Белая ванная. Огромные пушистые полотенца. Зеленый коврик, зеленые растения. Зеркала на стенах, светло и ярко. Даже зубных щеток нет на виду: все убрано в шкафчики. Очень чисто. Как всегда у Дженни. Дорогое французское мыло.
Привычка шпионить давно победила мою природную щепетильность. Почти не колеблясь, я открыл дверь в комнату Луизы и заглянул внутрь, надеясь, что мне повезет и она не выйдет в эту самую минуту в прихожую и не увидит, чем я занимаюсь.
В ее комнате царил организованный беспорядок. Повсюду стопки книг и бумаг, одежда на стульях. Кровать не убрана: и неудивительно, ведь когда я позвонил, Луиза еще спала.
Тюбик зубной пасты без колпачка на умывальнике в углу, на веревке сохнут колготки. Открытая коробка конфет. Комод, заваленный всякой всячиной. Высокая ваза с распускающейся свечой каштана. Никаких ароматов. Грязи нет, только захламленность. Синий халатик на полу.
Мебель была такая же, что и в комнате Эша, и было сразу видно, где заканчивалась Дженни и начиналась Луиза.
Я закрыл дверь, никем не замеченный. Луиза сидела в гостиной на полу и сосредоточенно читала книгу, совсем забыв об уборке.
— О, привет, — рассеянно сказала она подняв взгляд, словно уже успела забыть и про меня. — Вы закончили?

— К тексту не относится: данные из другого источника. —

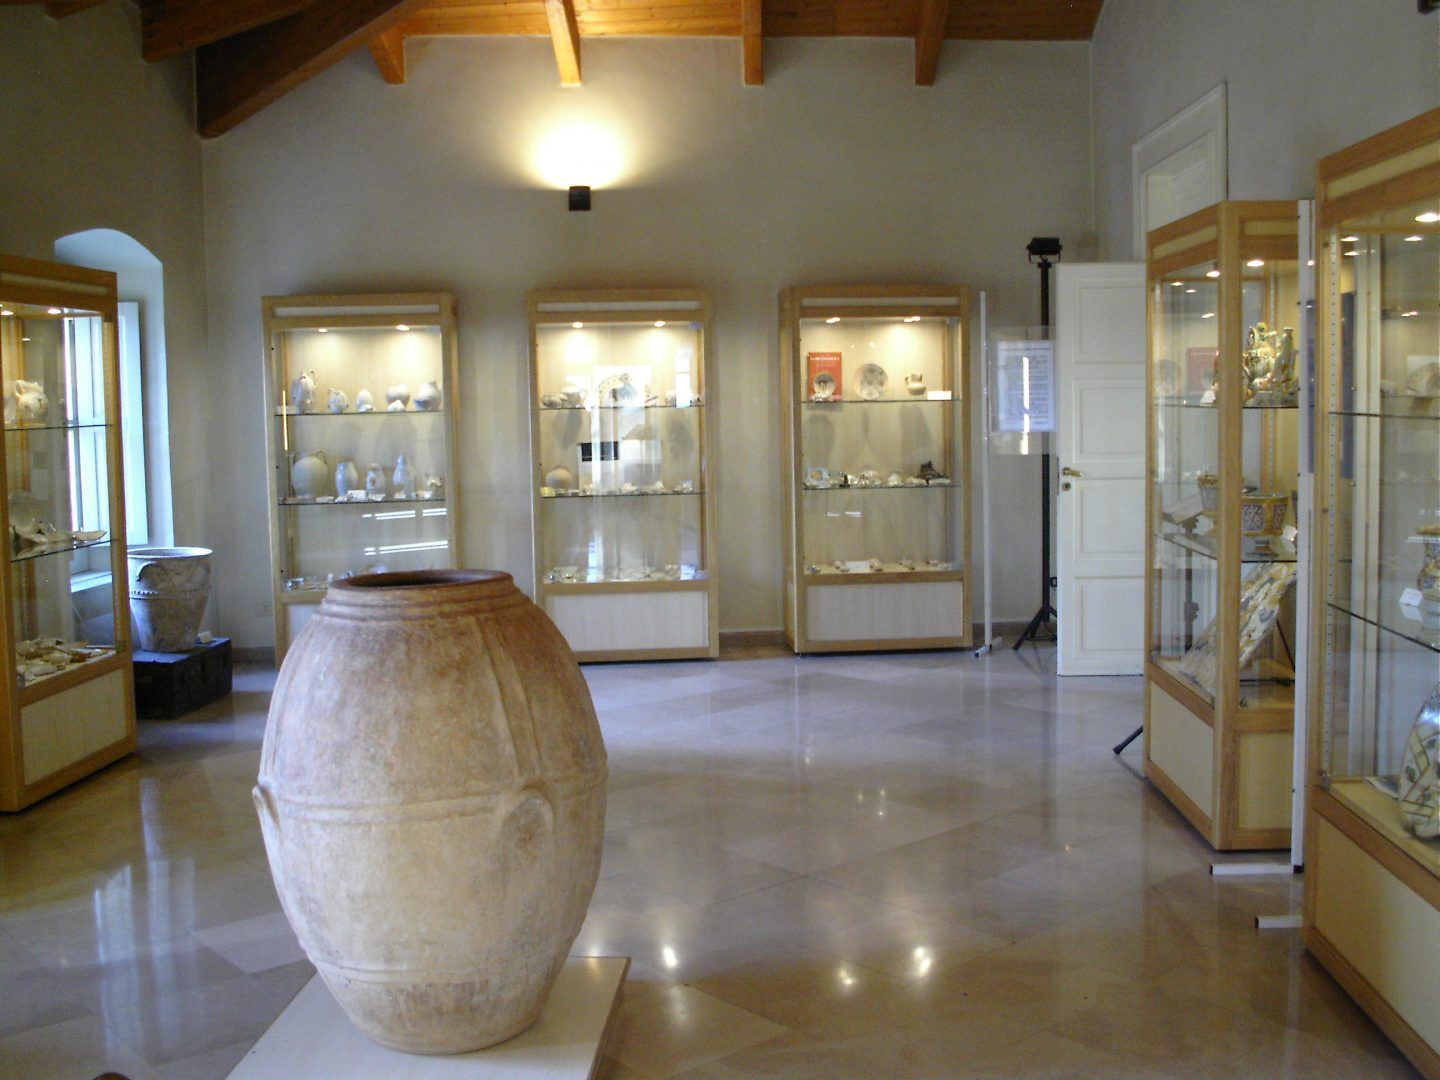 Museo Civico di Ariano Irpino

— Должны быть и другие документы. Письма, счета, бухгалтерские книги, такого рода вещи.
— Их забрала полиция.
Я сел на диван лицом к ней.
— Кто же сообщил в полицию? Дженни?
Луиза наморщила лоб.
— Нет. Кто-то пожаловался, что фонд не зарегистрирован.
— Кто?
— Не знаю. Кто-то из тех, кто получил письмо и не поленился проверить. Половины указанных спонсоров не существует, а остальные и знать не знали, что их имена так используют.
Я подумал и спросил:
— Почему Эш сбежал именно в тот день?
— Мы не знаем. Может быть, кто-то позвонил с жалобой прямо сюда. Вот он и сбежал, пока еще мог. Полиция пришла только через неделю.

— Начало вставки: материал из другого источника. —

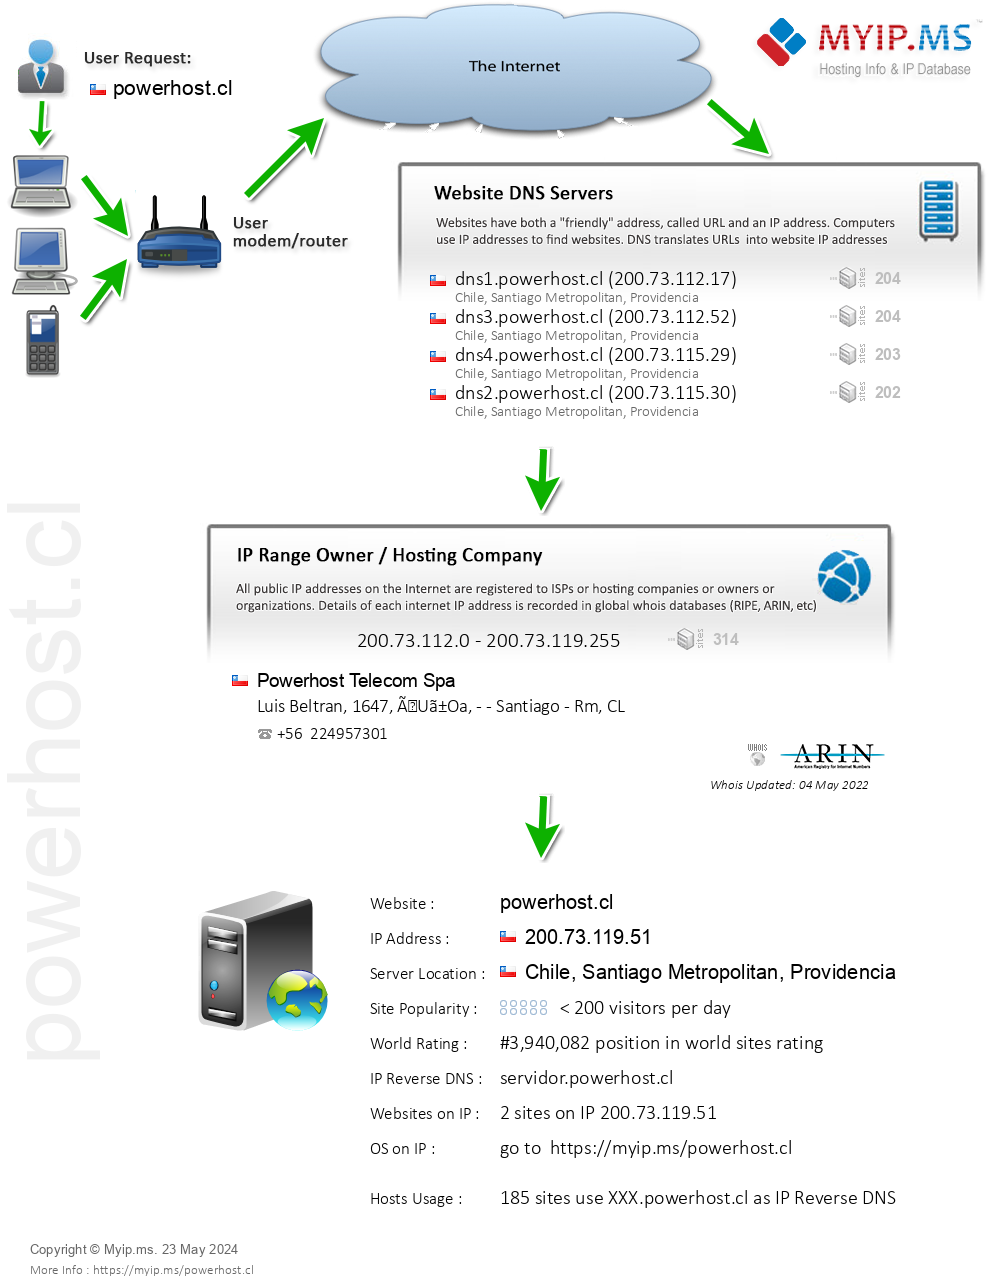 Powerhost.cl - Website Hosting Visual IP Diagram

Я положил белую коробочку на столик.
— А откуда взялась полировка?
— Дженни откуда-то заказала. Ник знал, куда обратиться.
— А где счета?
— Их забрала полиция.
— Эти письма с просьбами о пожертвовании... кто заказал тираж бланков?
Она вздохнула.
— Конечно, Дженни. У Ника были и другие, точно такие же, только там стояли его имя и адрес, а не Дженни. Он объяснил, что раз он переехал жить к ней, прежний адрес уже не годится. Видите ли, он так горел желанием продолжать трудиться на благое дело...
— Еще бы, — хмыкнул я.
— Вам легко смеяться над нами, но вы его не видели. Он бы и вас обвел вокруг пальца.
Я не стал спорить. Возможно, она была права.
— Эти письма... Кому вы их рассылали?
— У Ника были списки имен с адресами. Тысячи адресов.
— Они у вас остались, эти списки?
Она устало вздохнула.
— Он забрал их с собой.
— А что за люди были в этих списках?
— Те, у кого в домах вполне может стоять антикварная мебель, и для кого пятерка — не деньги.
— Он не говорил, откуда у него эти списки?
— Говорил, — подтвердила она. — Из штаб-квартиры фонда.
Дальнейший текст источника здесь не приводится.